Remix.run Logo
jdidrirjrjo 2 hours ago

> We backed up Spotify (metadata and music files) ....(~300TB),

https://annas-archive.gl/blog/backing-up-spotify.html

But it is not ok to scrape our data!

Micanthus 2 hours ago | parent | next [-]

The page specifically says it's okay for bots to scrape from Anna's Archive, she just asks they do it in bulk to not overload the servers:

"""

> We are a non-profit project with two goals:

> 1. Preservation: Backing up all knowledge and culture of humanity.
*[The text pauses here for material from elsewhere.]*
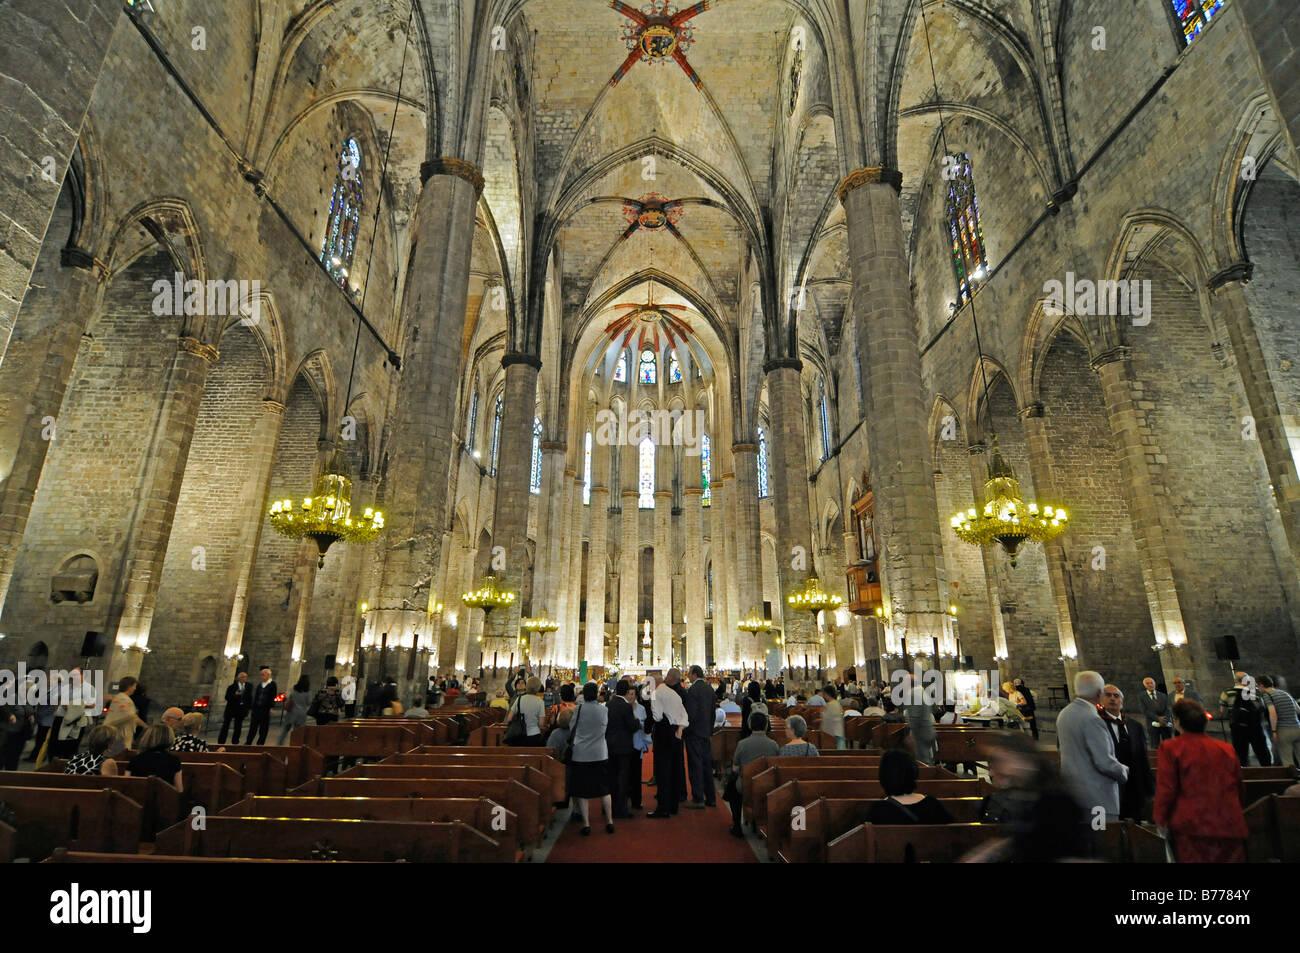 Au cours d'une assemblée publique dans l'église Santa Maria del Mar, voûtes au plafond, gothique, Photo Stock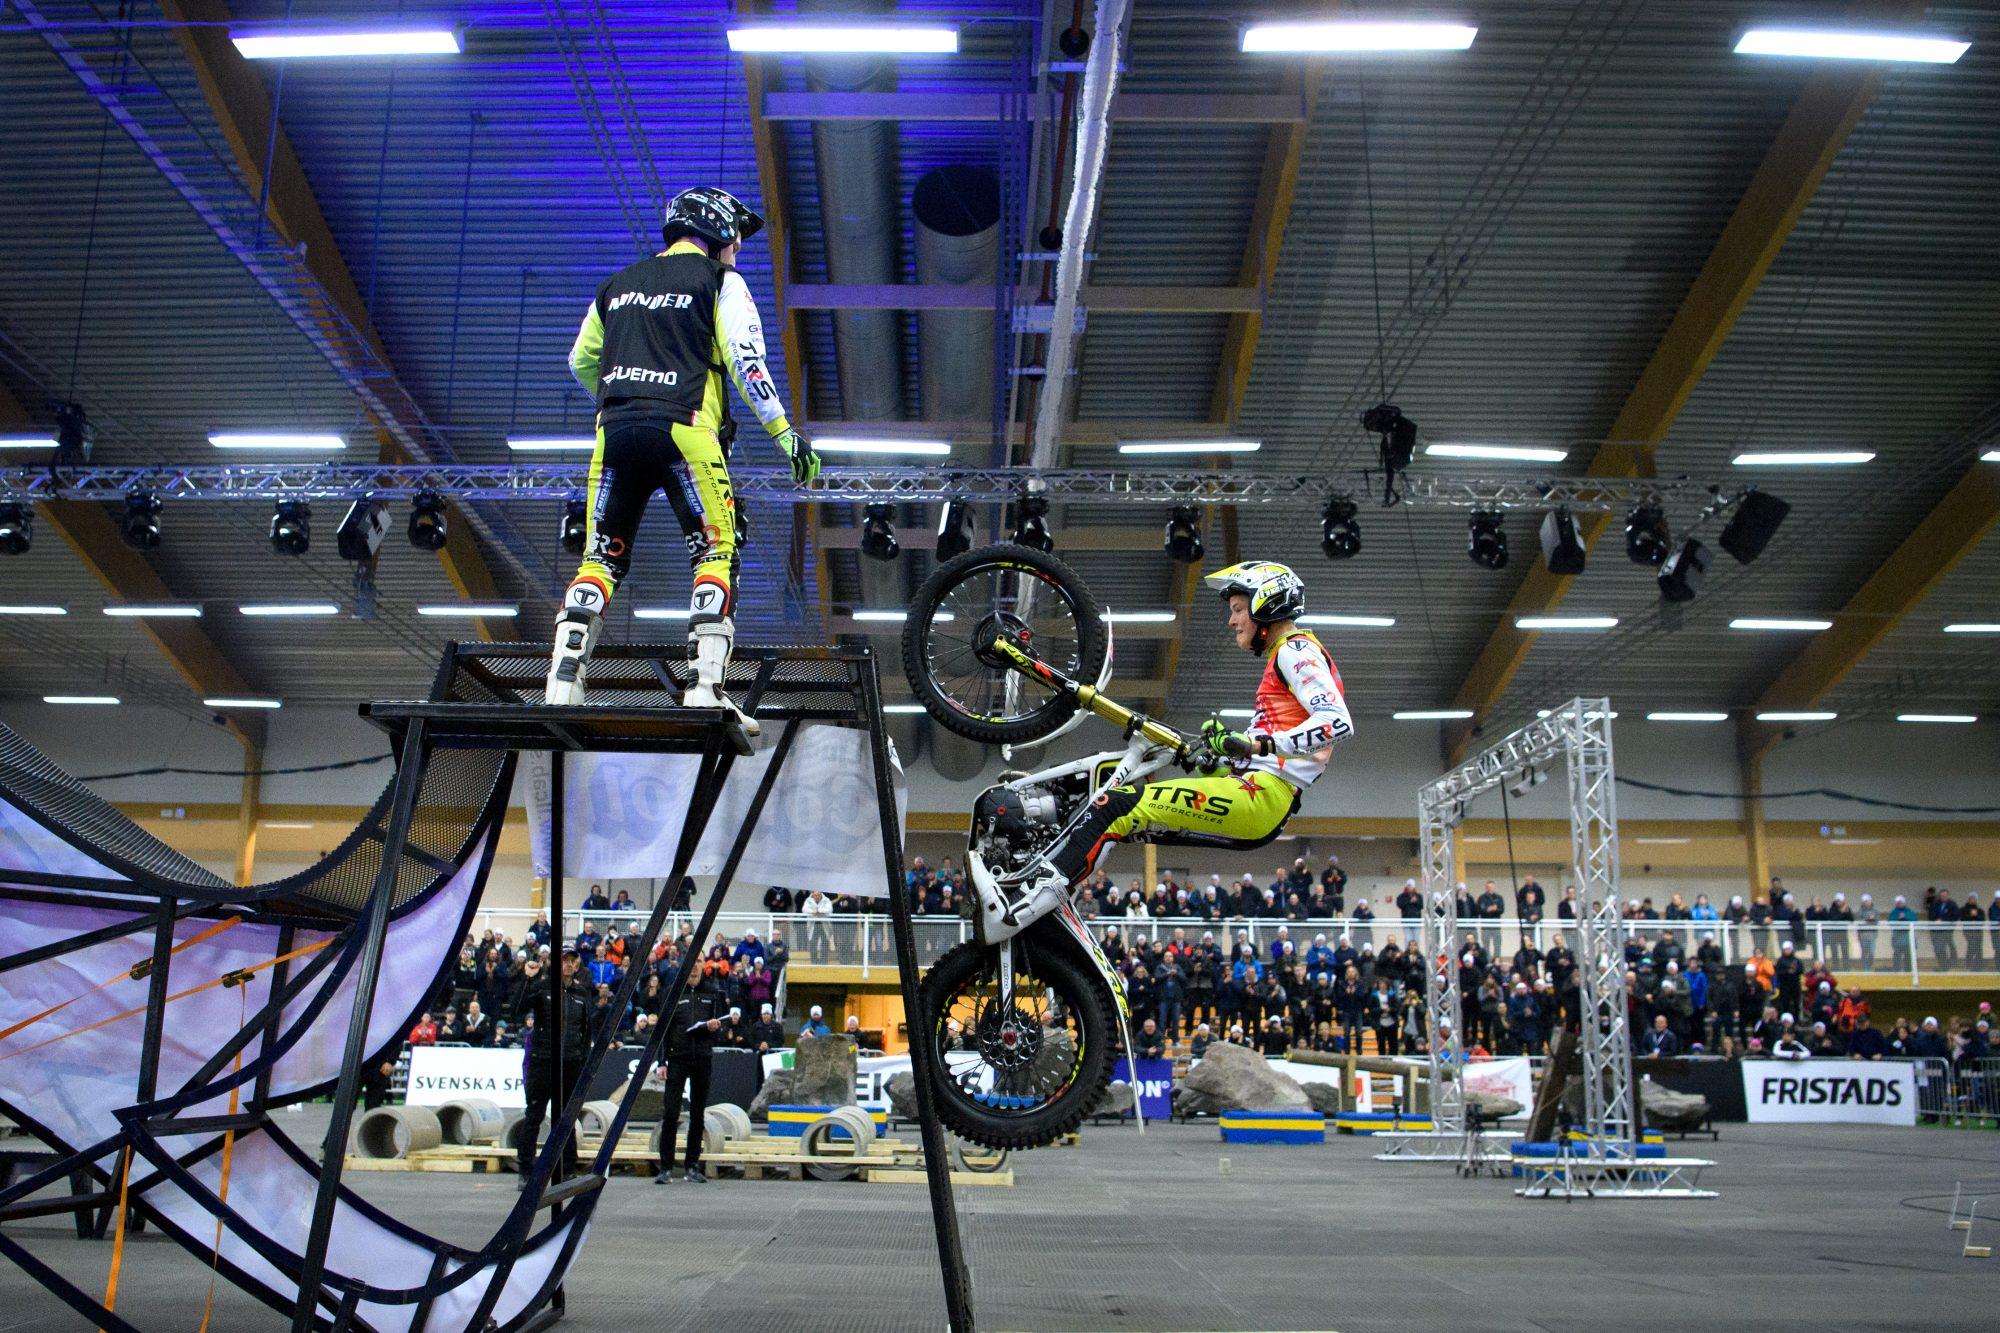 Sondre Haga, Riska Motorsykkelklubb, i finalen i x-trial.

> 2. Access: Making this knowledge and culture available to anyone in the world (including robots!).

[. . .]

  * Our website has CAPTCHAs to prevent machines from overloading our resources, but all our data can be downloaded in bulk:

  * All our HTML pages (and all our other code) can be found in our [GitLab repository](https://software.annas-archive.gl/).

  * All our metadata and full files can be downloaded from our [Torrents page](/torrents), particularly `aa_derived_mirror_metadata`.
  
  * All our torrents can be programatically downloaded from our [Torrents JSON API](https://annas-archive.gl/dyn/torrents.json).
"""
the_af 2 hours ago | parent | prev | next [-]

> But it is not ok to scrape our data!

They want people and LLMs to download their data, which is why they point to the more efficient ways of doing so. They are not blocking access to the data, they just reroute it.

If you're going to create a last minute account to criticize something, it pays to at least read what you're criticizing.

_ink_ 2 hours ago | parent | prev [-]

I mean, if Spotify would provide a nice way to download their music (which they also pirated back in the days when they had no money but an idea) annas archive would not need to use scraping.

jdidrirjrjo 2 hours ago | parent [-]

[flagged]

petu 2 hours ago | parent | next [-]

It's digital copies, no real damage is done.

AA asks you to not scrape them because of server load and provides torrents to download everything in more efficient manner.

the_af 2 hours ago | parent | prev [-]

Unlike Spotify, AA is a nonprofit. It's more urgent for them to prevent costly extraction of data. Spotify can do this too, if they so wanted.

It's not about consent, obviously AA is infringing.

BTW, why did you create a last minute account just to criticize AA?